Resta fazer uma pergunta mais: quem são os intelectuais que apoiam a ideia do museu do Porco? Pelo que li na reportagem da referida publicação é tudo ideia do senhor Presidente, sobretudo porque baseou a sua ideia na Feira dos Santos e nas toneladas de fêveras que ali se vendem e o substrato cultural que apoia tal ideia é as diversas maneiras como o porco é olhado pelas diferentes religiões do planeta e pela literatura…
Quanto ao local onde o senhor Presidente pretende instalar o museu do porco não haja dúvida que é muito bem escolhido: “o palacete da GNR”, até porque tem um espaço envolvente e uns belos jardins…até porque dá para fazer um restaurante onde se servirão pratos, sobretudo de carne de porco…resta saber quem será o brilhante “chef de cuisine” que será contratado…Será que o cozinheiro acumulará as funções de Conservador do Museu?

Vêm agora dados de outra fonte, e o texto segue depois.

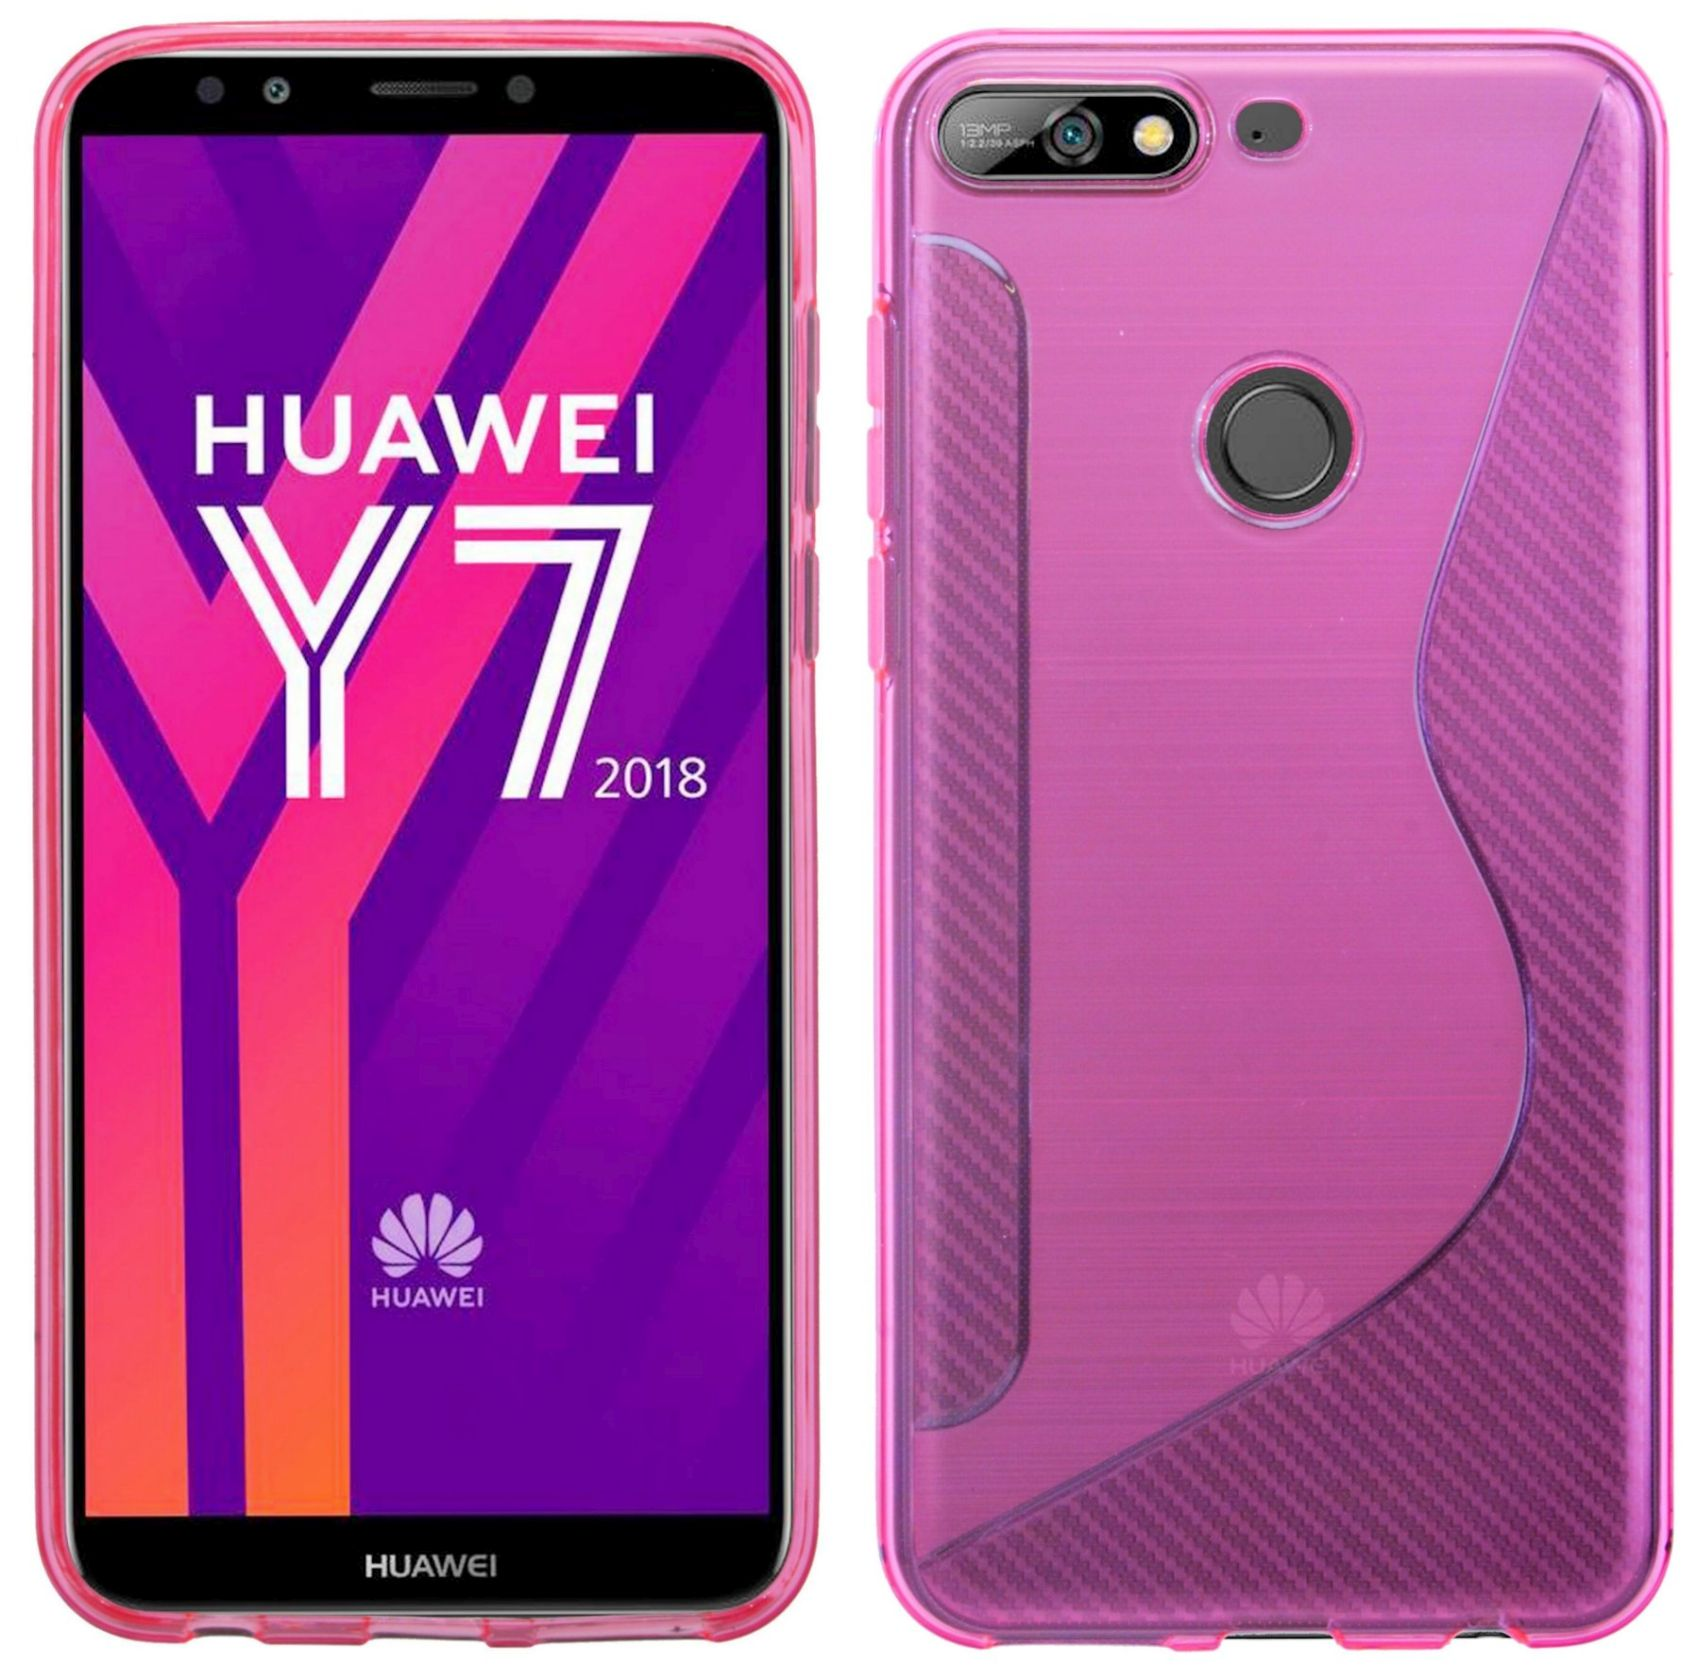 COFI HUAWEI Bumper, Hülle in 2018, Y7 Case Rosa Silikon Huawei, Y7 Silikonschale Bumper 2018//S-Line Pink, SchutzHülle Cover Zubehör TPU

Bem, é normal nos diversos museus haver a “loja de souvenirs” onde se vende produtos relativos ao que é exposto. O senhor Presidente não falou nesta vertente, mas é natural que se venha a criar essa loja e aí possamos encontrar objectos como porta-chaves com a forma de um chispe ou belas fotos de varrascos campeões ou de belas porcas parideiras…
Tenho para mim a certeza que os mangualdenses e os turistas preferiam ver o Foral do Conde Dom Henrique e de Dona Teresa e o Foral de Dom Manuel, o 1º, do que visitar um qualquer espaço com o nome pomposo de Museu.
Mas eu admito estar errado, se calhar é melhor que os forais não sejam vistos por ninguém e se mantenham algures nos arquivos da Câmara Municipal até que se percam ou deteriorem em definitivo…
Falei desta ideia a um amigo meu que por sinal é ateu e o que ele me disse foi apenas isto: Valha-me Deus…
Em definitivo é para mim tarefa ciclópica e é necessária uma beneditina paciência para perceber e compreender o tão sofisticado pensamento cultural do senhor Presidente.